3 Flashcards
Question 1
Social network data can be represented using
a) a sociogram.
b) an adjacency matrix.
c) an adjacency list.
d) all of the above.
d) all of the above.
Question 2
Which statement is NOT CORRECT?
a) The geodesic represents the shortest path between two nodes.
b) The closeness measures the extent to which a node is near to all other nodes in the network.
c) The betweenness counts the number of times that a node or edge occurs in the geodesics of the network.
d) The graph theoretic center is the node with the highest, minimum distance to all other nodes.
d) The graph theoretic center is the node with the highest, minimum distance to all other nodes.
smallest, maximum distance to all other nodes aka most central node in the network or node that influences other nodes fastest.
Question 3
Which statement is NOT CORRECT?
a) Graph partitioning approaches try to split the whole graph into a predetermined number of clusters by optimizing the ratio between the within-community and between-community edges.
b) The min-max cut does not take the between-community edges into consideration.
c) In community mining, the min-cut metric chooses the partitioning so that the sum of the weights of the between-community edges or the cut is minimal.
d) In community mining, the ratio-cut metric takes into account the size of the communities.
b) The min-max cut does not take the between-community edges into consideration.
Question 4
When doing community mininig, the Girvan-Newmann algorithm makes use of the
a) closeness.
b) betweenness.
c) graph theoretic center.
d) geodesic.
b) betweenness.
Question 5
In bottom-up community mining,
a) one starts with the whole network and splits it up into communities.
b) one starts with one node (e.g., a fraudulent node) and adds more nodes to the community based on the links of this node.
b) one starts with one node (e.g., a fraudulent node) and adds more nodes to the community based on the links of this node.
Question 6
The modularity Q measure is a measure used to
a) determine the number of communities.
b) determine the separation between communities.
a) determine the number of communities.
Question 7
For strong communities, Q will approach
a) 0
b) 0.5
c) 1
d) 5
c) 1
Question 8
Which statement is NOT CORRECT?
a) Homophily is a concept that stems from sociology where it usually described as “people have a strong tendency to associate with others whom they perceive as being similar to themselves in some way, e.g., live in same city, have same hobbies or interest”.

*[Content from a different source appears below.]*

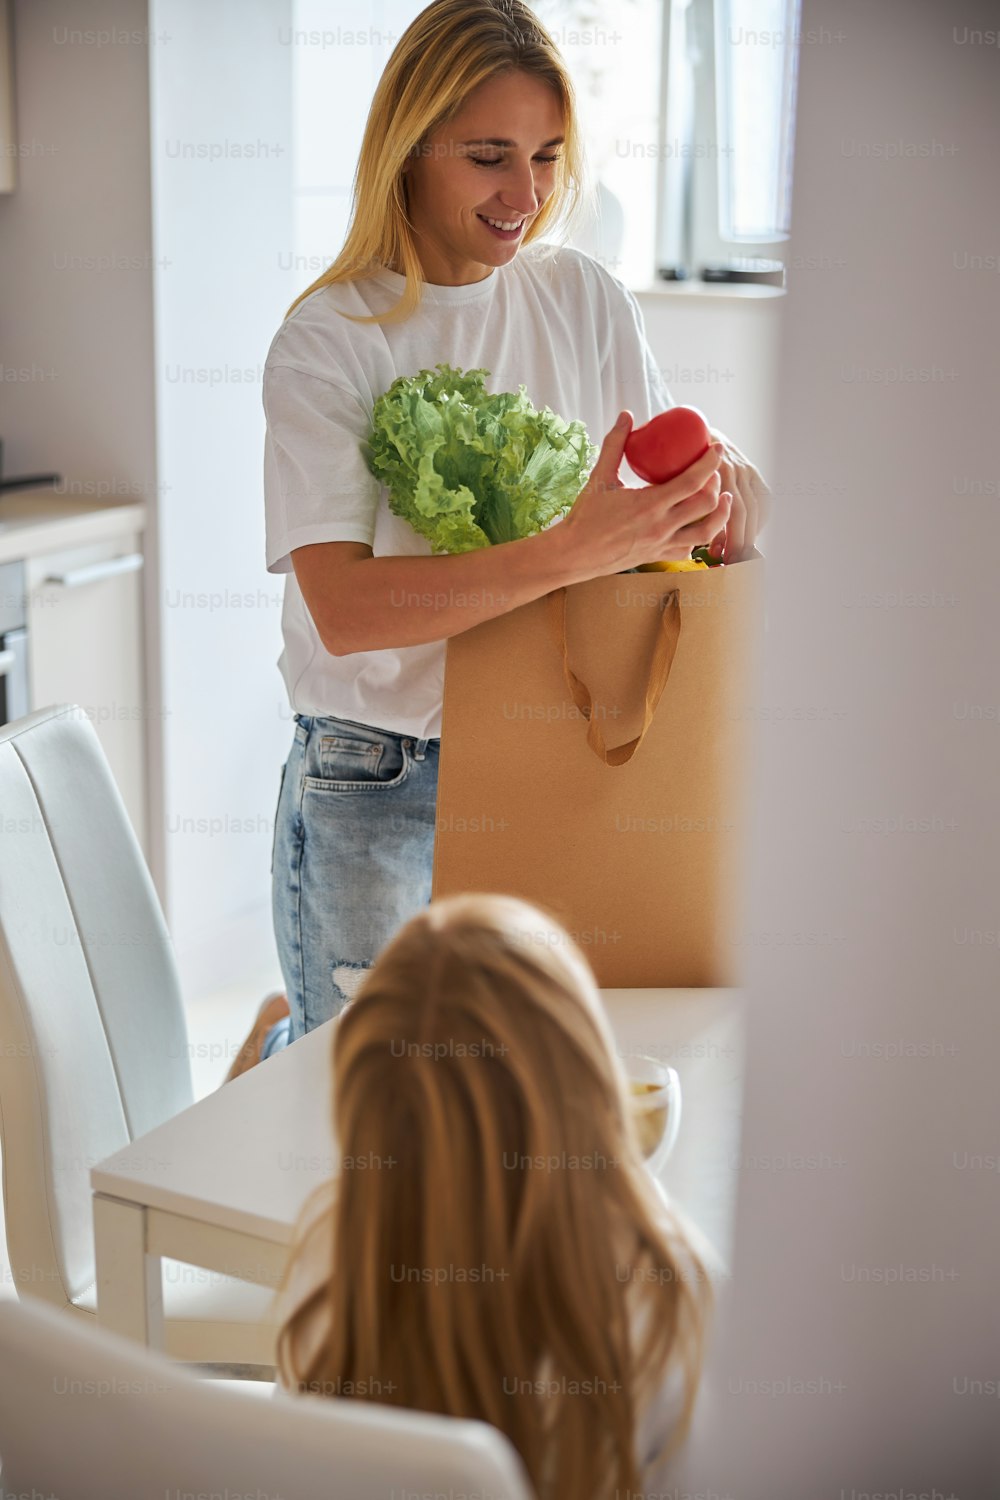 野菜を手に持ちながら、紙の買い物袋を持って白い台所のテーブルの近くに立っている大人の白人の美しい女性

b) The connectance of a network is the probability that 2 nodes are connected. Say we have a network with N nodes and M edges. The connectance is then the ratio between the actual number of edges and the number of edges if the network was fully connected, the latter being the number of combinations of 2 out of N.
c) Dyadicity measures the number of same label edges compared to what is expected in a random configuration of the network, in other words, if the labels were randomly distributed.
d) Heterophilicity measures the connectedness between nodes with different labels compared to what is expected in a random configuration of the network.
e) For a homophilic network, the dyadicity should be less than 1 and the heterophilicity bigger than 1.
e) For a homophilic network, the dyadicity should be less than 1 and the heterophilicity bigger than 1.
Question 9
Which statement is NOT CORRECT?
a) The relational neighbor classifier assumes homophily, or in other words, connected nodes or neighbors have a propensity to belong to the same class.
b) Relational logistic regression uses only network (or link) attributes.
c) Relational logistic regression usually gives good performance and is also very commonly applied in the industry.
d) Featurization is one of the most important techniques to account for social network effects.
b) Relational logistic regression uses only network (or link) attributes.
looks at both local and network attributes.
Question 10
Which statement about featurizing social networks is CORRECT?
a) A triangle is a group of three nodes that are all connected to each other. A fraud triangle is a triangle where both connecting nodes are fraudulent. A legit triangle is a triangle where both connecting nodes are legitimate. A semi-fraud triangle is a triangle where one connecting node is fraudulent and the other one legitimate.
b) The number of 1-hop paths indicates how many fraudulent nodes we encounter in all possible 1-hop steps from the node.
c) When doing social network featurization, it is important to include as many features as possible. Ideally, it is recommended to add all three types of features to the data: features representing the dependent variable characteristics of the neighbors, features representing the independent variable characteristics of the neighbors, and features representing network characteristics.
d) All statements are correct.
d) All statements are correct.
Question 11
Which statement about PageRank is NOT CORRECT?
a) PageRank is an example of a collective inference procedure, which was developed by Page and Brin in 1999. It is the basis of Google’s famous search engine.
b) The PageRank value represents the probability of visiting a web page. It uses the democratic structure of the web as it is reflected by its link structure.
c) The PageRank value of page A will be high if another page B refers to A, and B has a low PageRank value with a lot of outgoing links.
d) PageRank accounts for the probability of random surfing behavior.
c) The PageRank value of page A will be high if another page B refers to A, and B has a low PageRank value with a lot of outgoing links.